_Data for this task_:

= = = =

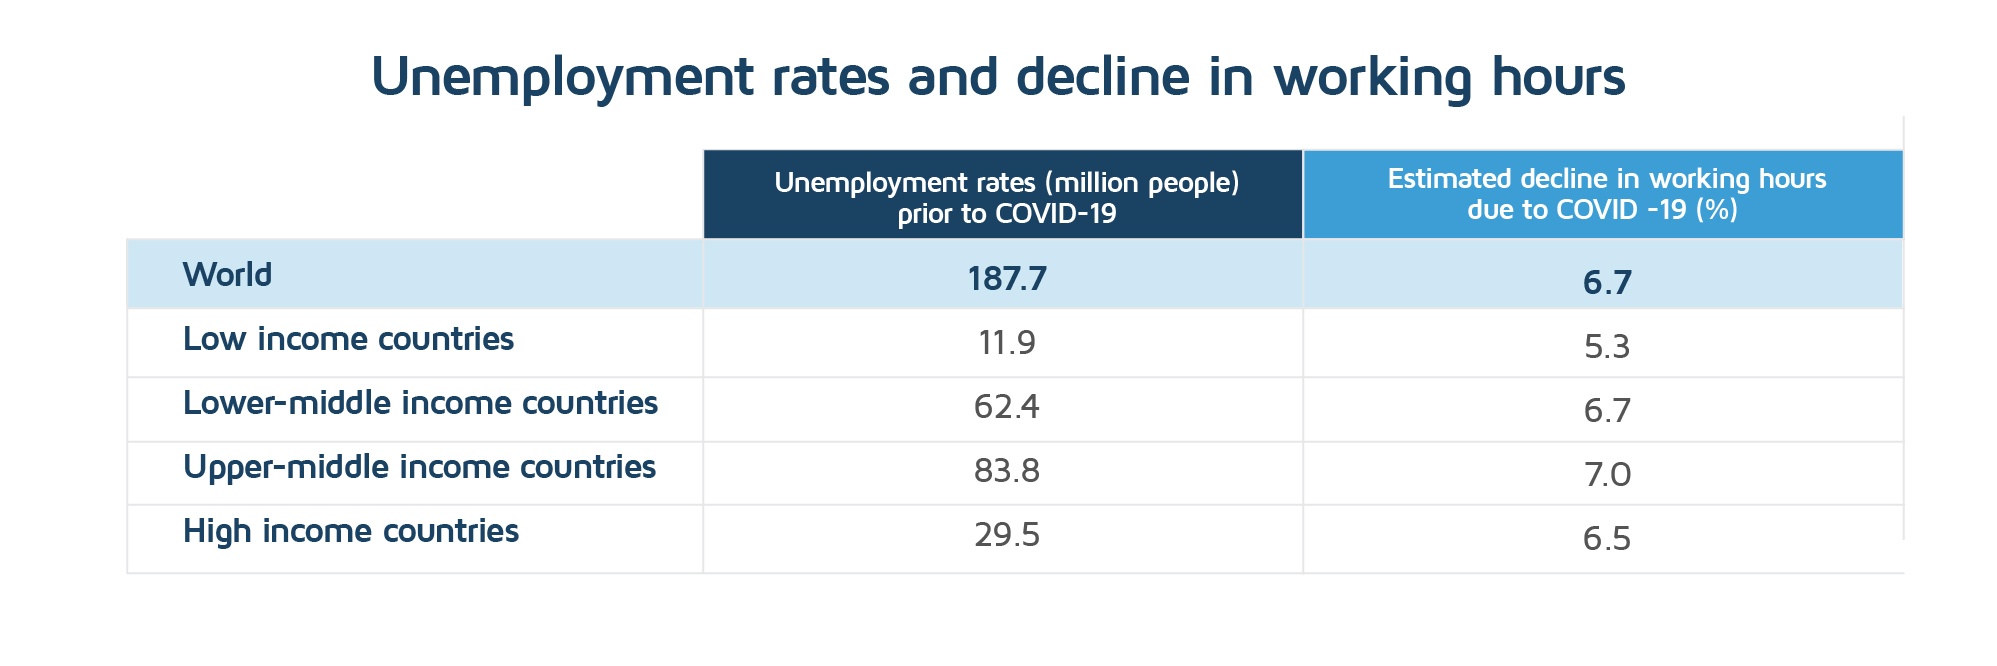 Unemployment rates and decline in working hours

= = = =

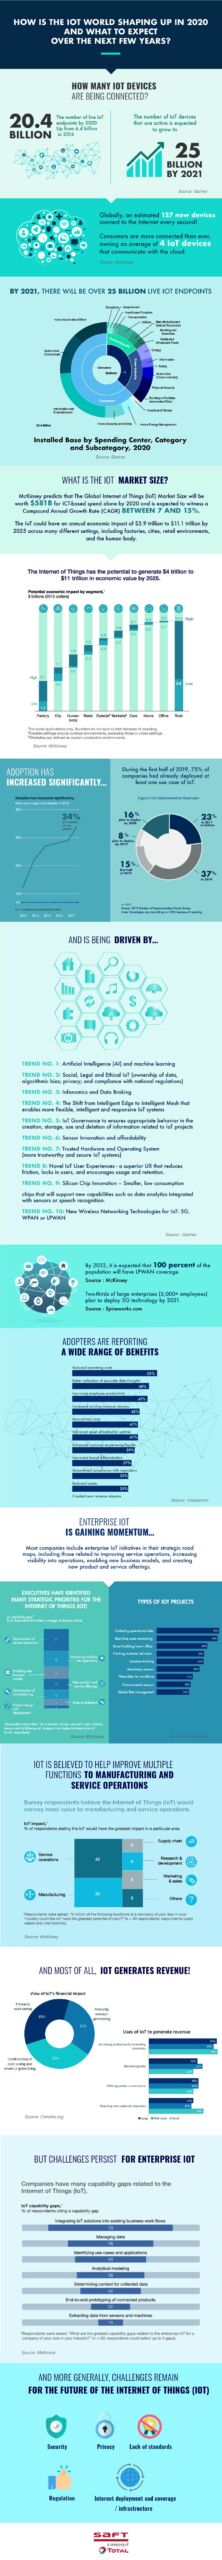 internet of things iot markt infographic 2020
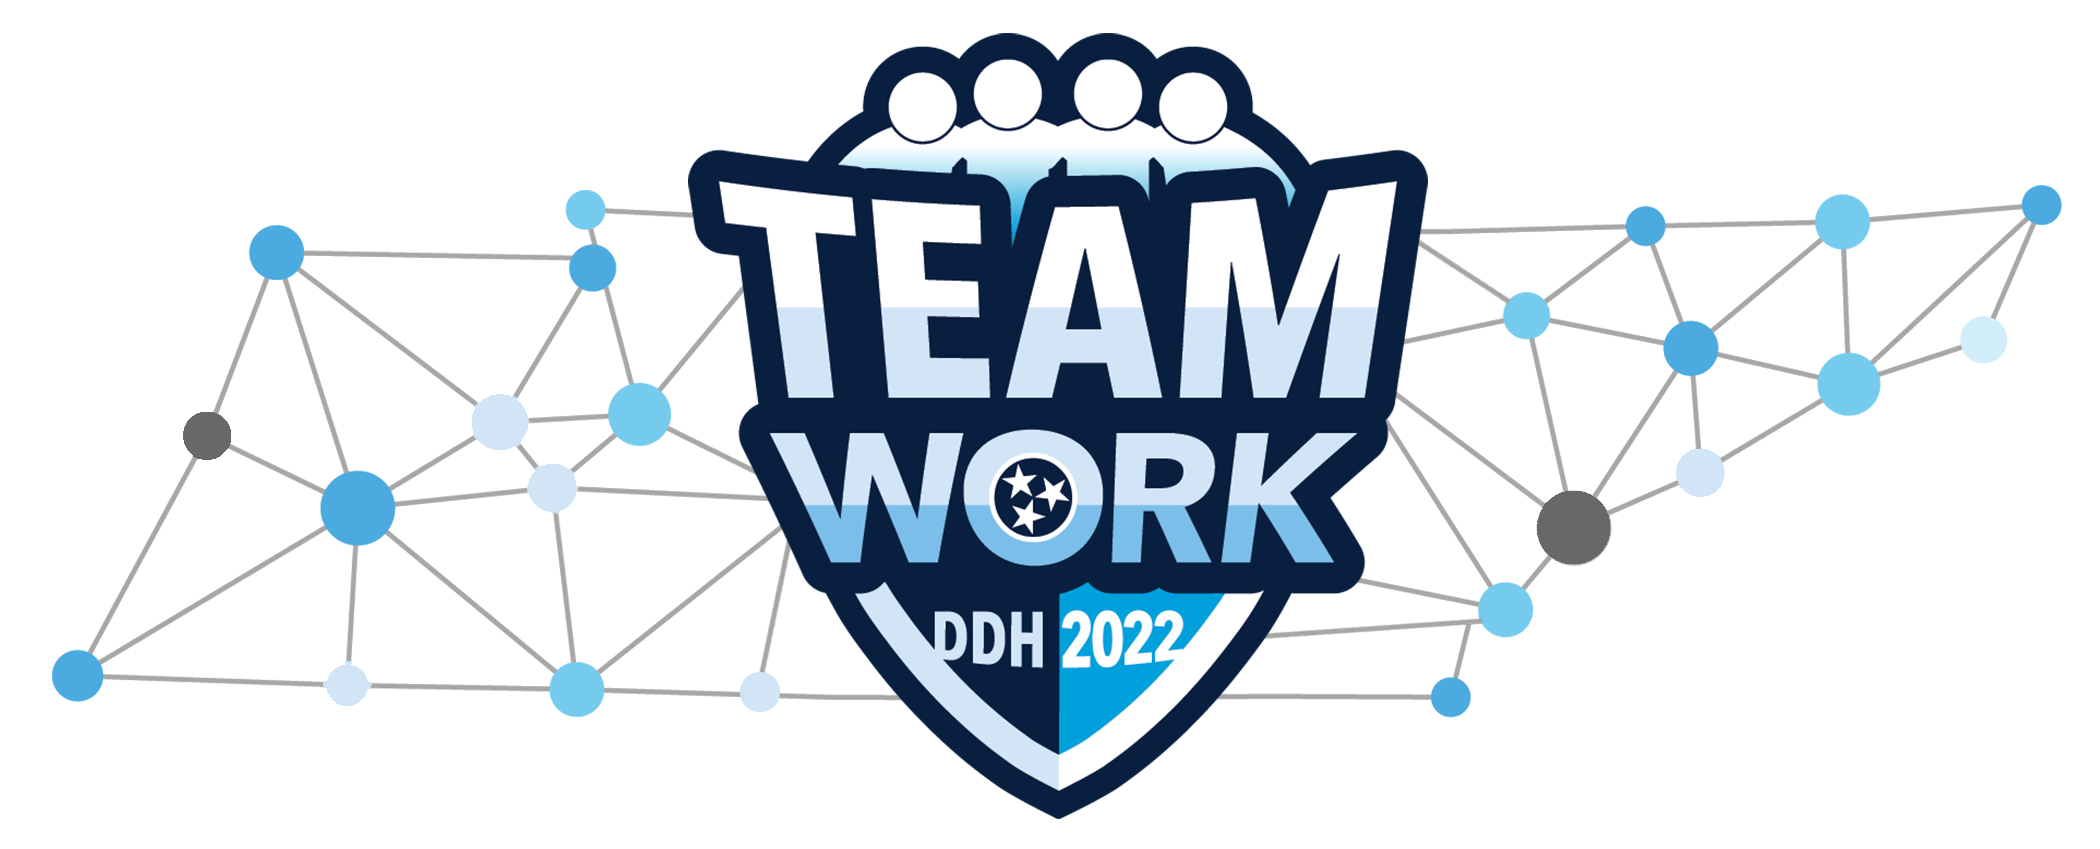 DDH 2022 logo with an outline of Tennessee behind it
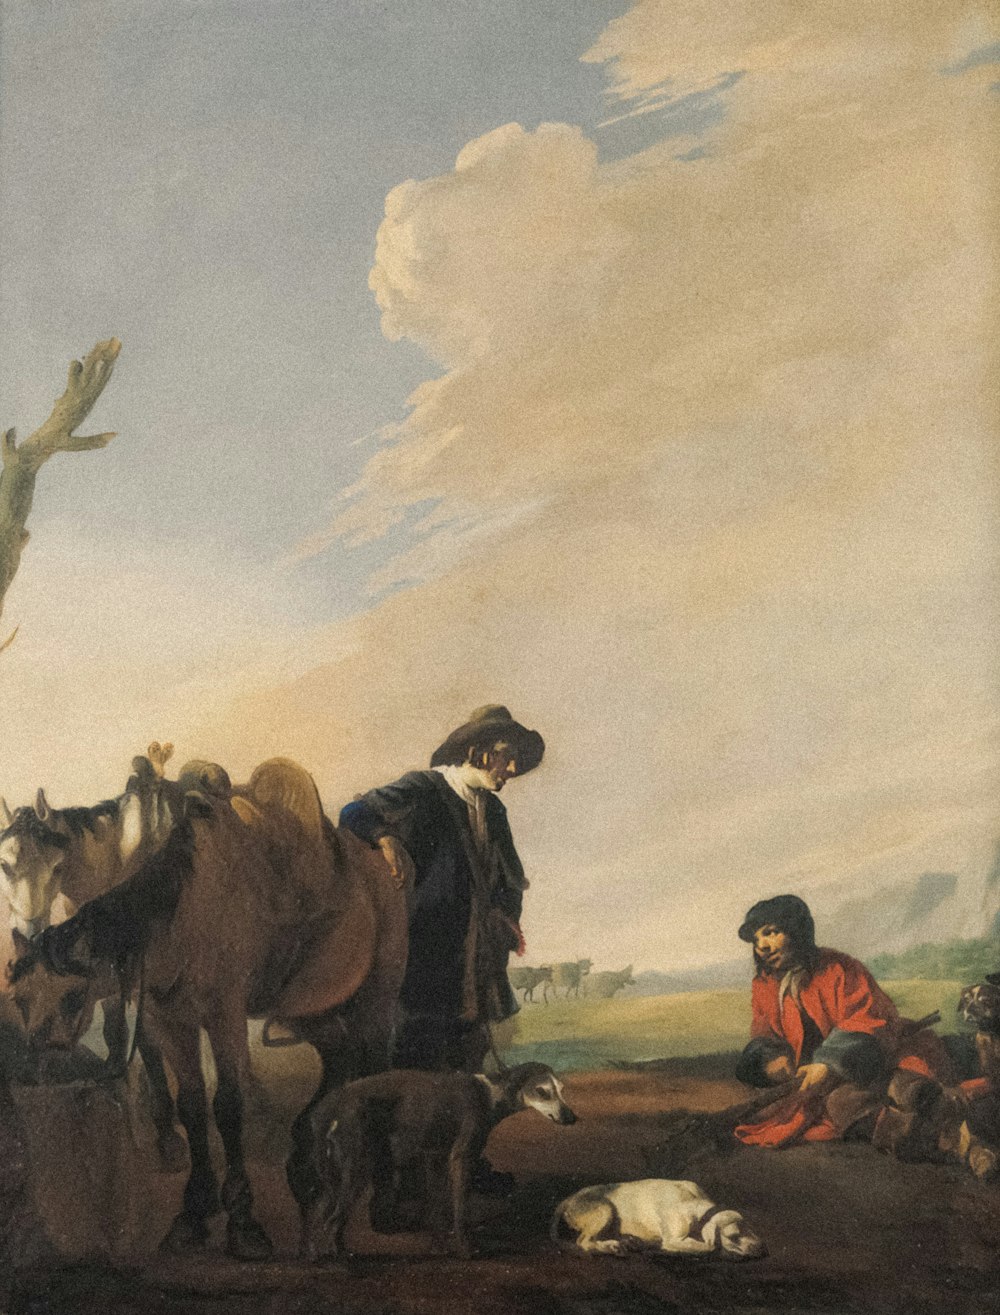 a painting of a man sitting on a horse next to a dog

= = = =

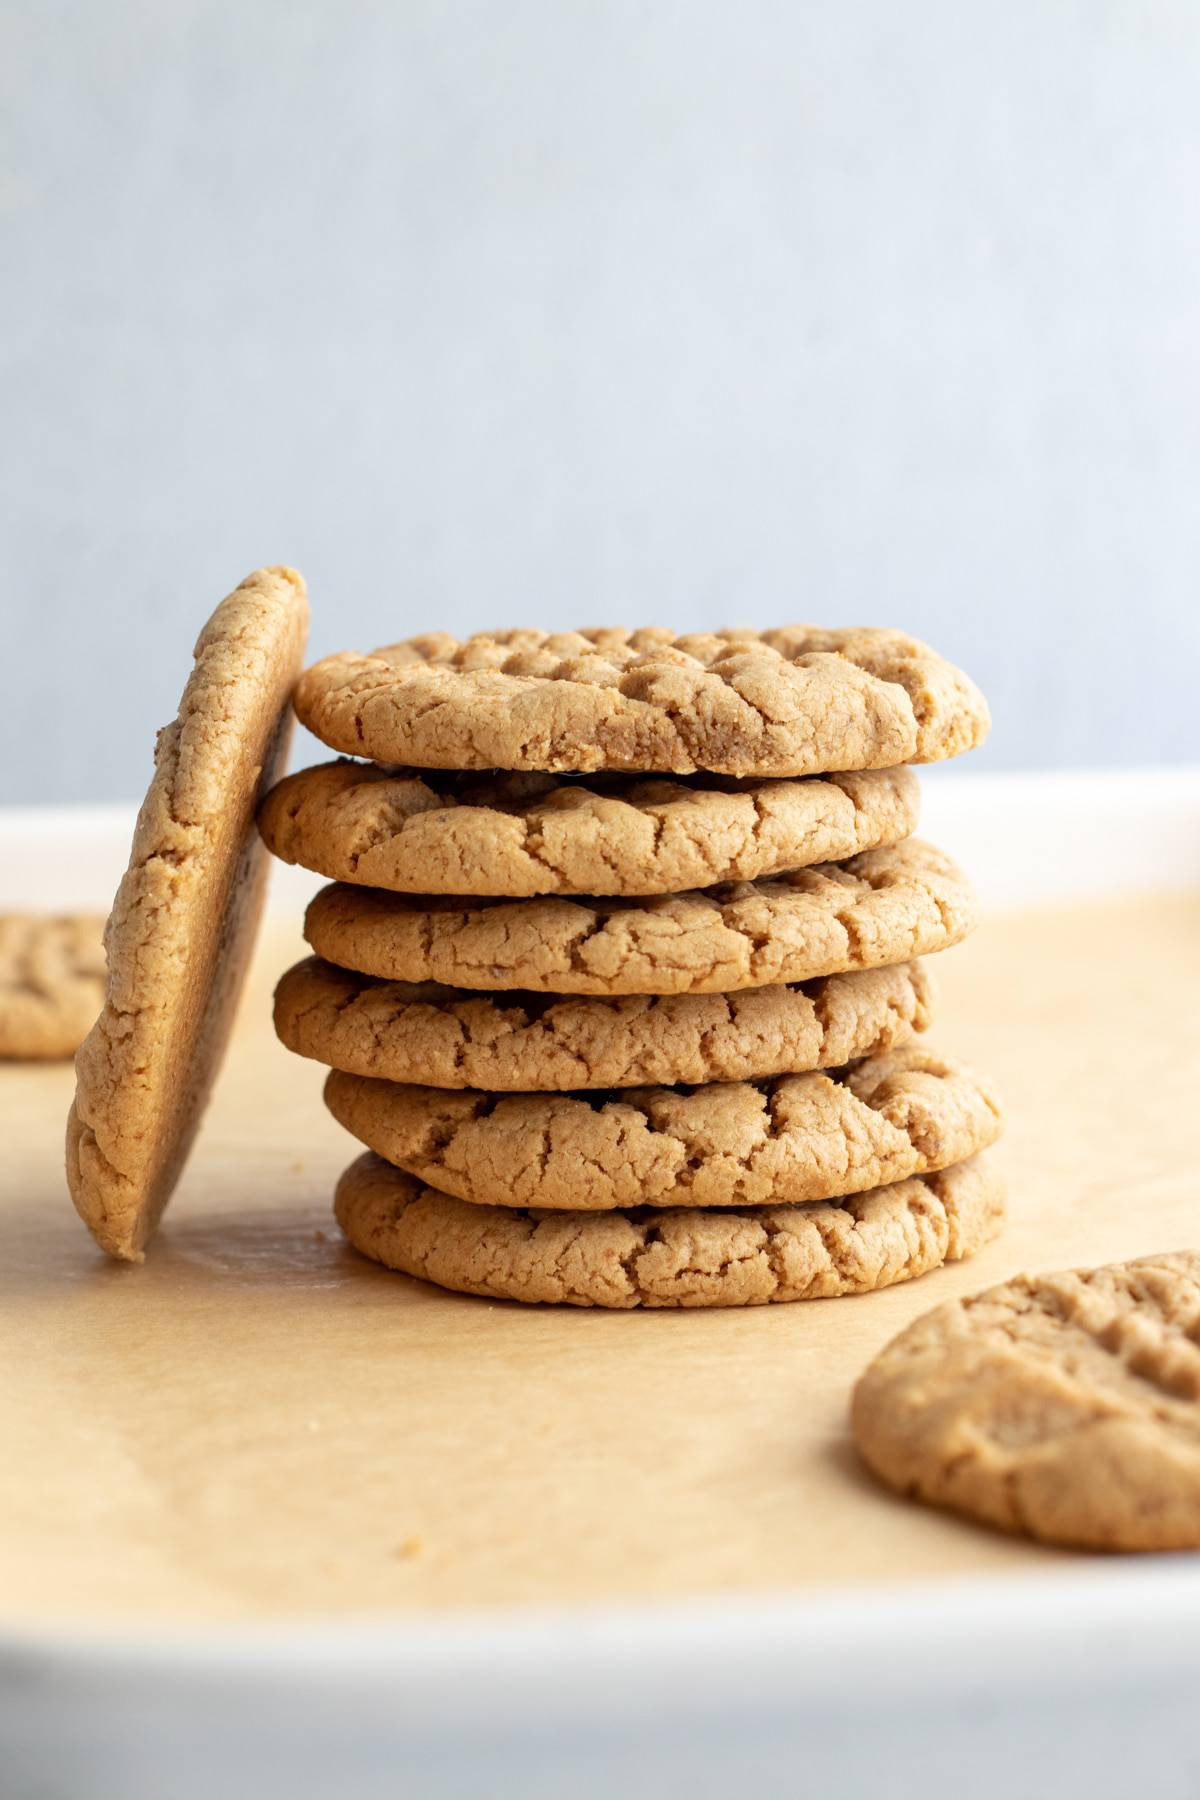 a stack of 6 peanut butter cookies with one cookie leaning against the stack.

= = = =

_Problem statement_:
Starting at the line above that holds "DDH 2022 logo", repeat every line exactly down to and including the line that holds "a painting of", then stop. Do not carry over any pictures.

_Solution to the problem_:
 DDH 2022 logo with an outline of Tennessee behind it
 a painting of a man sitting on a horse next to a dog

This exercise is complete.